Potency comparisons between PUR-WASH and ANHYDRON depend on the specific clinical indication. These are agents from distinct pharmacological classes and are not directly interchangeable by dose. A physician or clinical pharmacist should guide any therapeutic switching decisions.
The standard adult dose of PUR-WASH is: Not applicable; PUR-WASH is a sterile irrigating solution for topical use only, not for systemic administration. No standard systemic dose.. The standard adult dose of ANHYDRON is: Oral: 25-100 mg once daily in the morning, or 50-100 mg every other day; maximum 200 mg/day.. Dosing should always be individualized based on indication, renal and hepatic function, age, and other patient factors.

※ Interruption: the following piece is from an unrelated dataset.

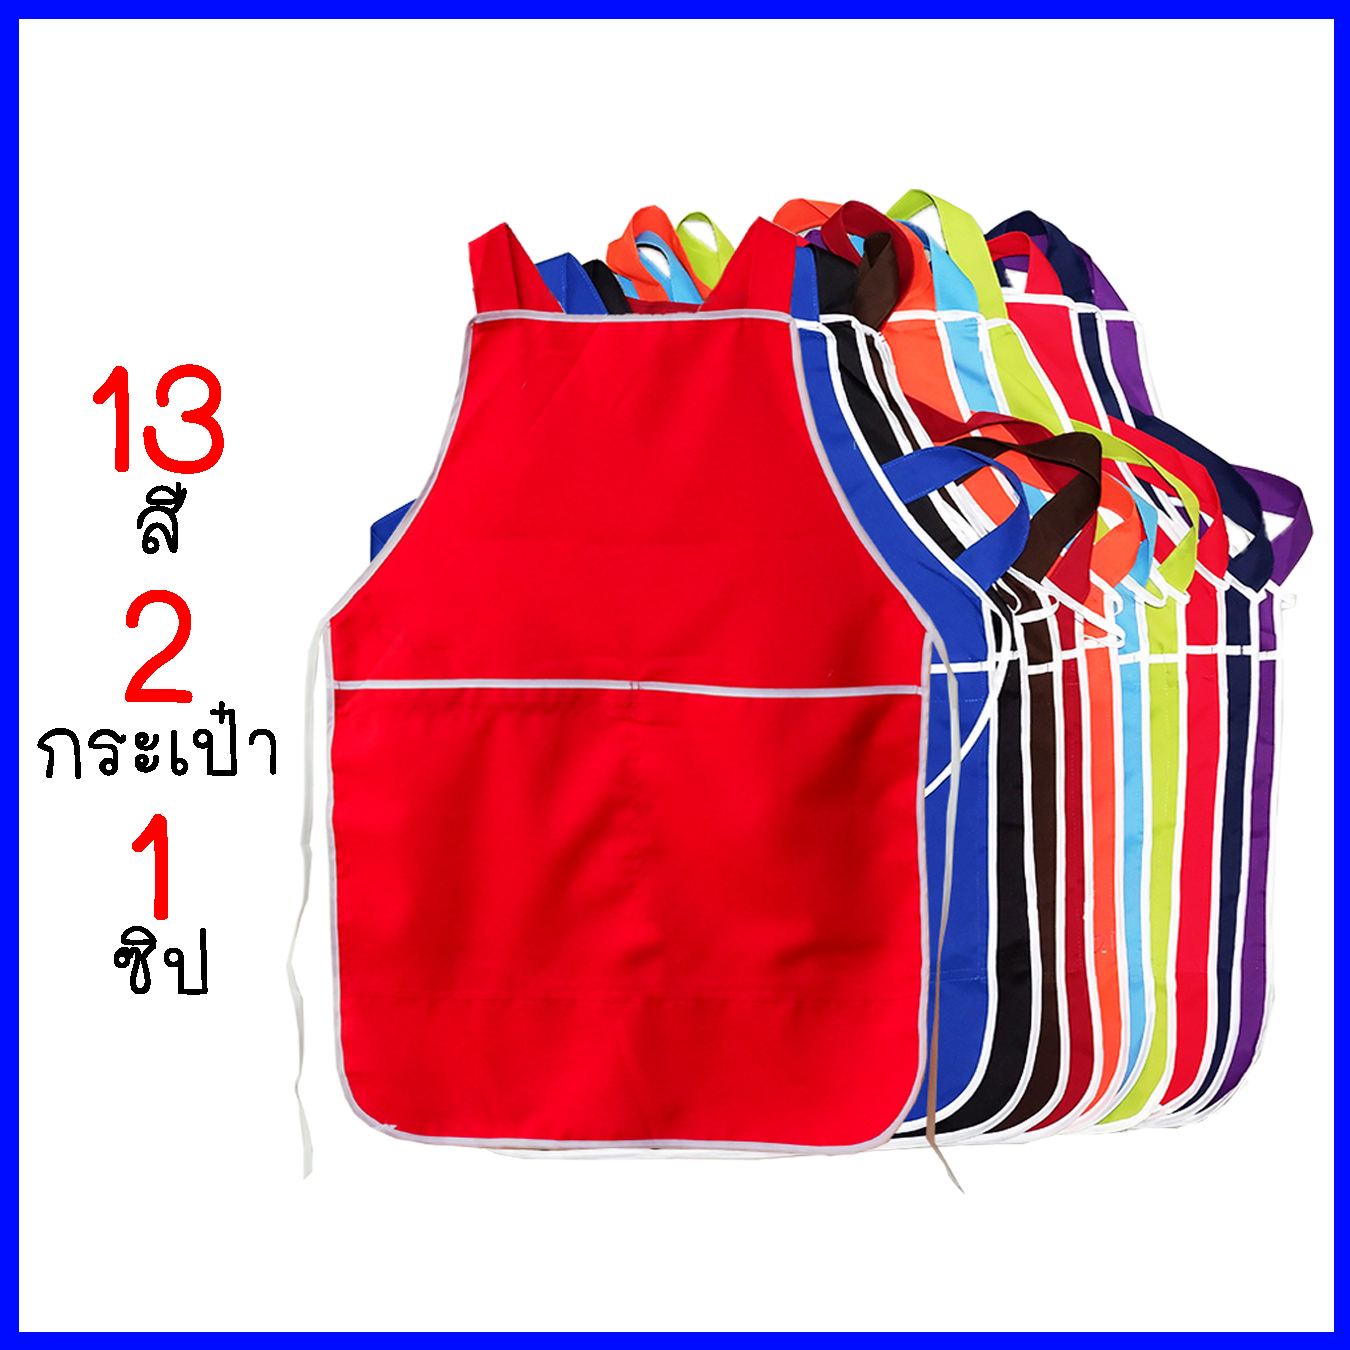 (13สี)ผ้ากันเปื้อน 2กระเป๋า1ซิป สีพื้น ผ้ากันเปื้อนแม่ค้า ผ้ากันเปื้อนทำอาหาร เนื้อผ้าอย่างดี เอี้ยมกันเปื้อน(E15)

No direct drug-drug interaction has been formally documented between PUR-WASH and ANHYDRON in current clinical databases. However, individual patient risk factors including other medications, organ function, and comorbidities should always be evaluated by a qualified healthcare provider.
The maternal-fetal safety profiles differ. PUR-WASH is classified as Category C. PUR-WASH has not been formally studied in pregnant women. Animal studies are lacking. There is no known teratogenic potential, but due to insufficient data, use only if clearly nee. ANHYDRON is classified as Category C. Cyclothiazide (ANHYDRON) is a thiazide diuretic. Use in pregnancy is generally avoided due to potential adverse effects. First trimester: limited data, but thiazides have been asso. Always consult a maternal-fetal medicine specialist before taking either drug during pregnancy or lactation.